# Window express up problem



## STUDLEE (Jul 6, 2011)

installer could have possibly gotten the switch wet...


----------



## scidork (Jun 1, 2011)

If I recall, the owners manual has listed how to reset the express up. Sounds like the position memorized as fully up is actually higher so the window is going, hitting the true top and then backing up as if it is hitting an obstruction (the top of the door)


----------



## Eightbelow (Mar 16, 2011)

scidork said:


> If I recall, the owners manual has listed how to reset the express up. Sounds like the position memorized as fully up is actually higher so the window is going, hitting the true top and then backing up as if it is hitting an obstruction (the top of the door)

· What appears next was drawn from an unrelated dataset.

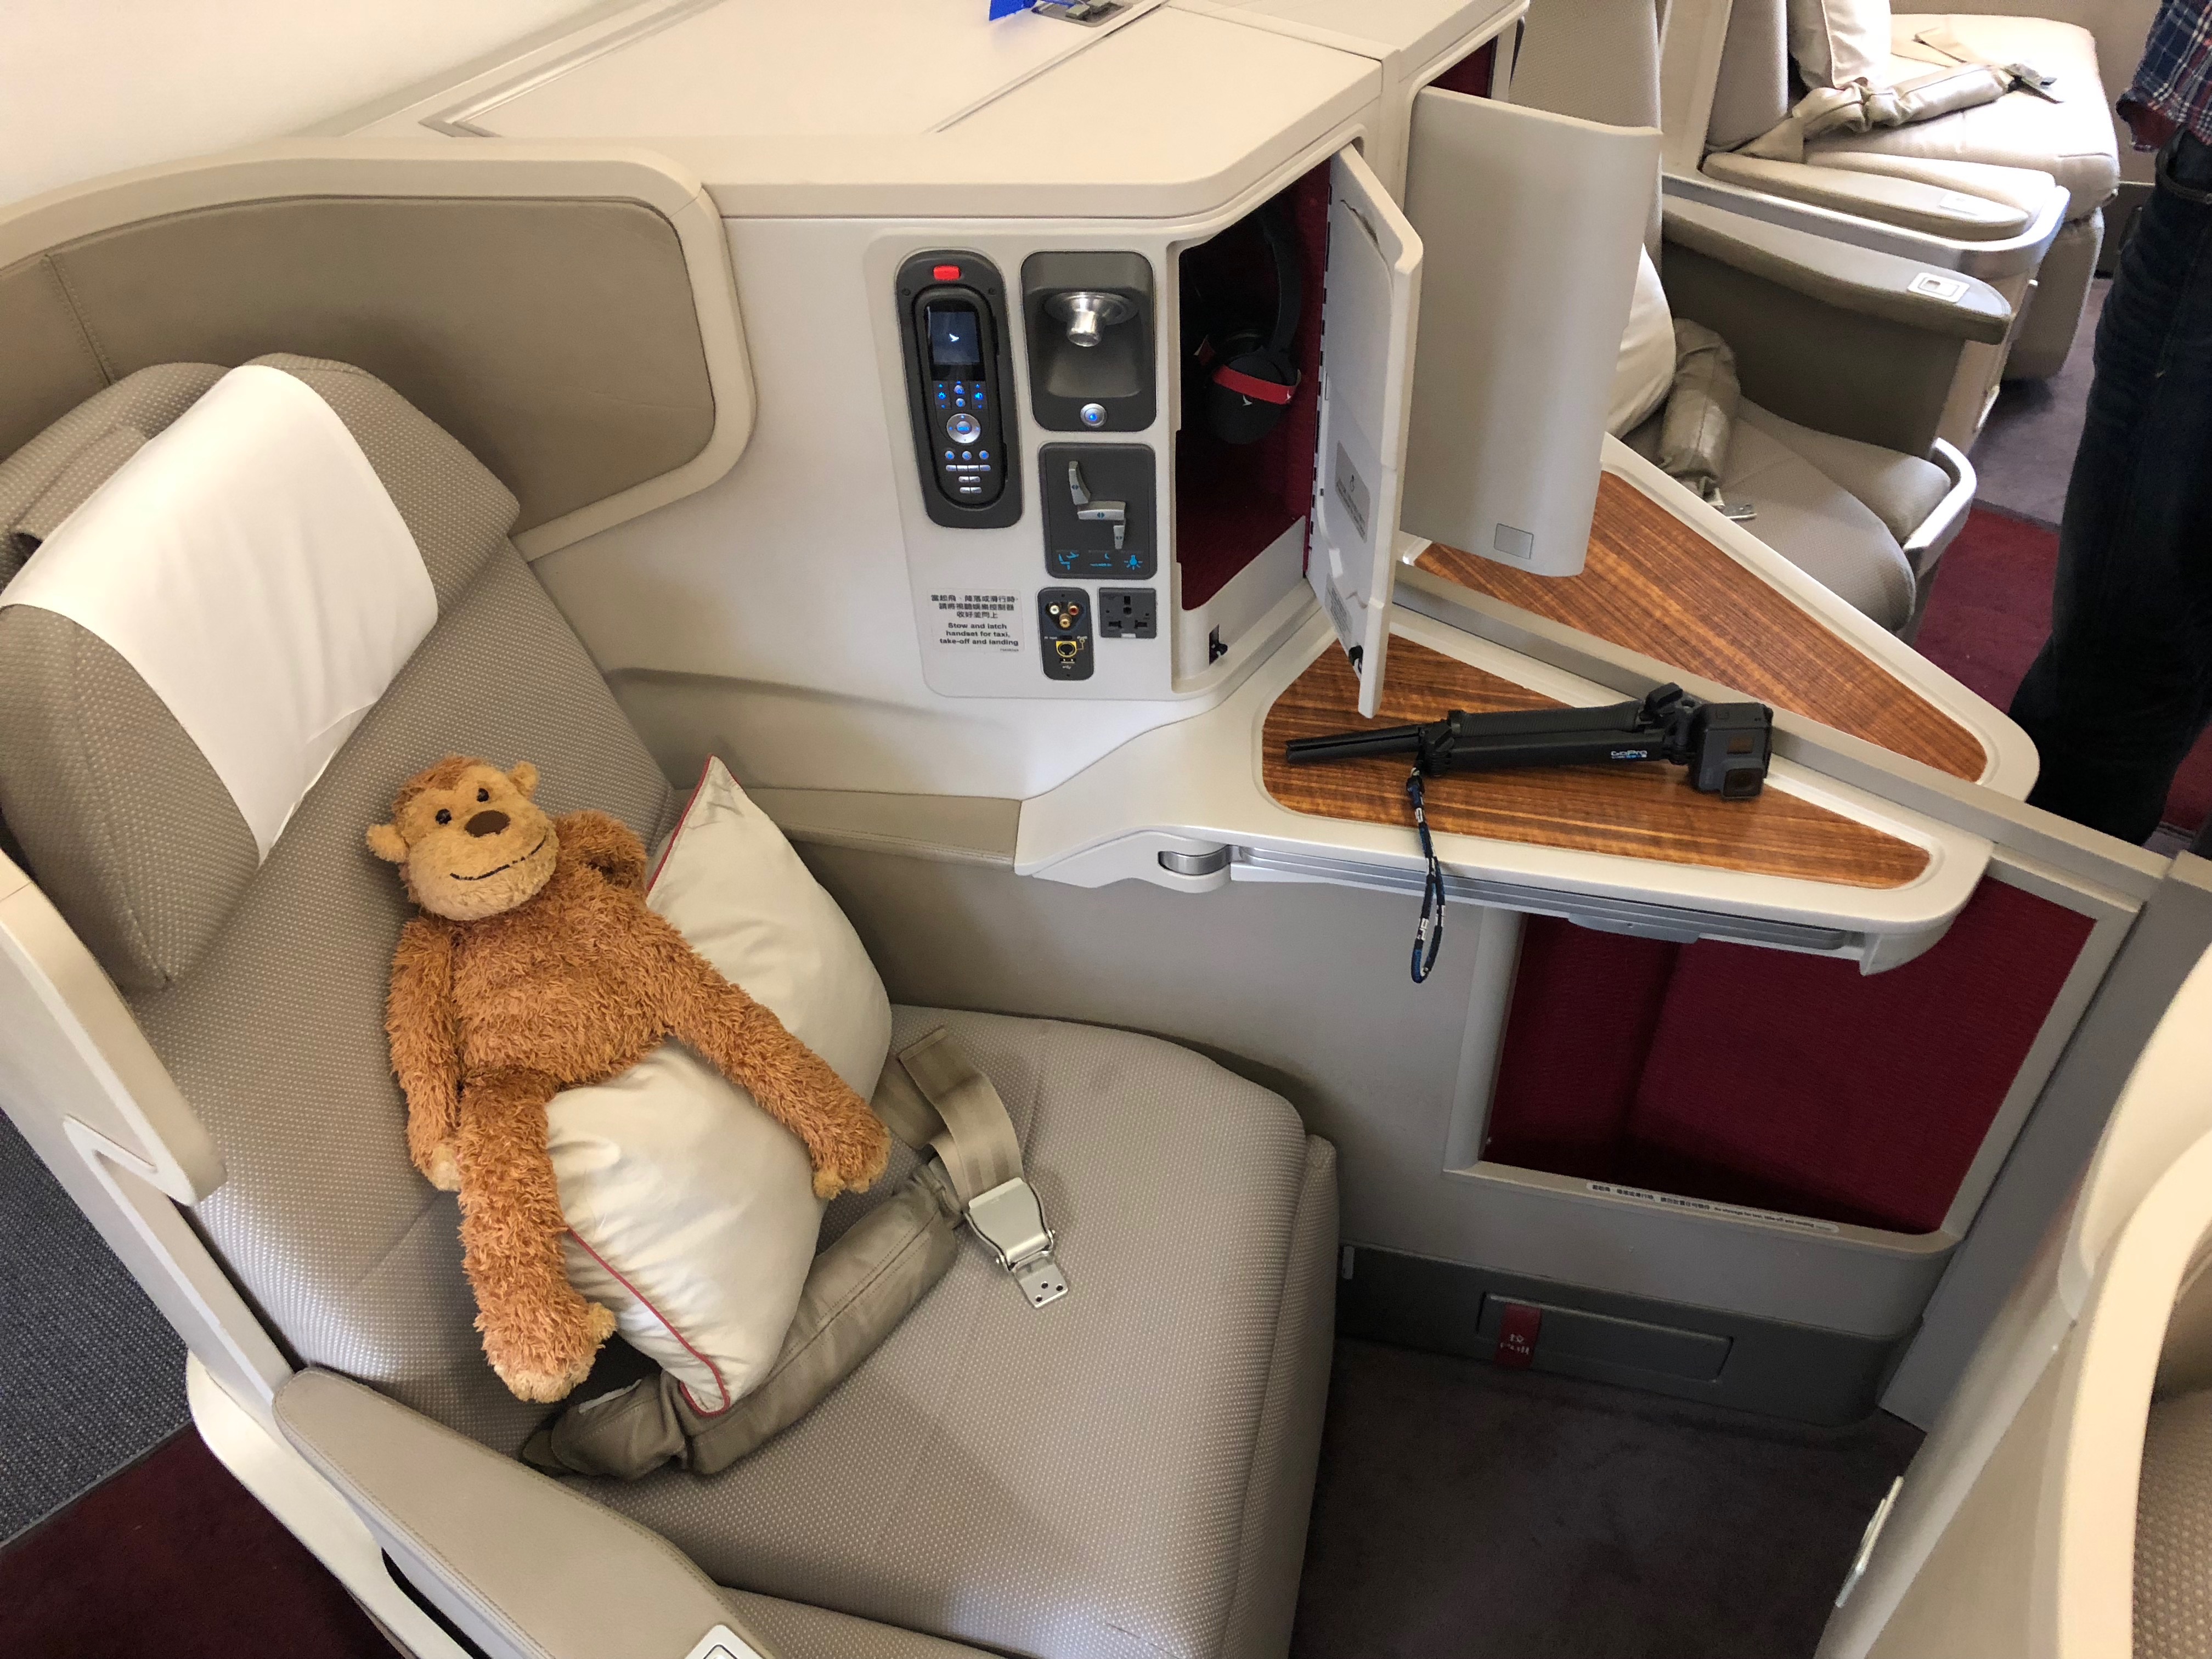 a stuffed animal on a seat

I agree, I remember reading that too.


----------



## darkmeth (Jan 18, 2011)

Is the express up option available on all models? I have the LS and thought express down was the only option..


----------



## icey (Jun 17, 2011)

I assume you need to pull the battery to do that? I read in the manual the procedure and tried it without pulling the battery and it didn't work. Before I do that what all am I going to have to reset after I reconnect it?


----------



## scidork (Jun 1, 2011)

You could ring up onstar or call your dealer. The dealer might fix it free (probably not though and may not be worth the hassle).


----------



## cruzeman (Mar 13, 2011)

i noticed my express up doesnt work for a few minutes after reconnecting battery.


----------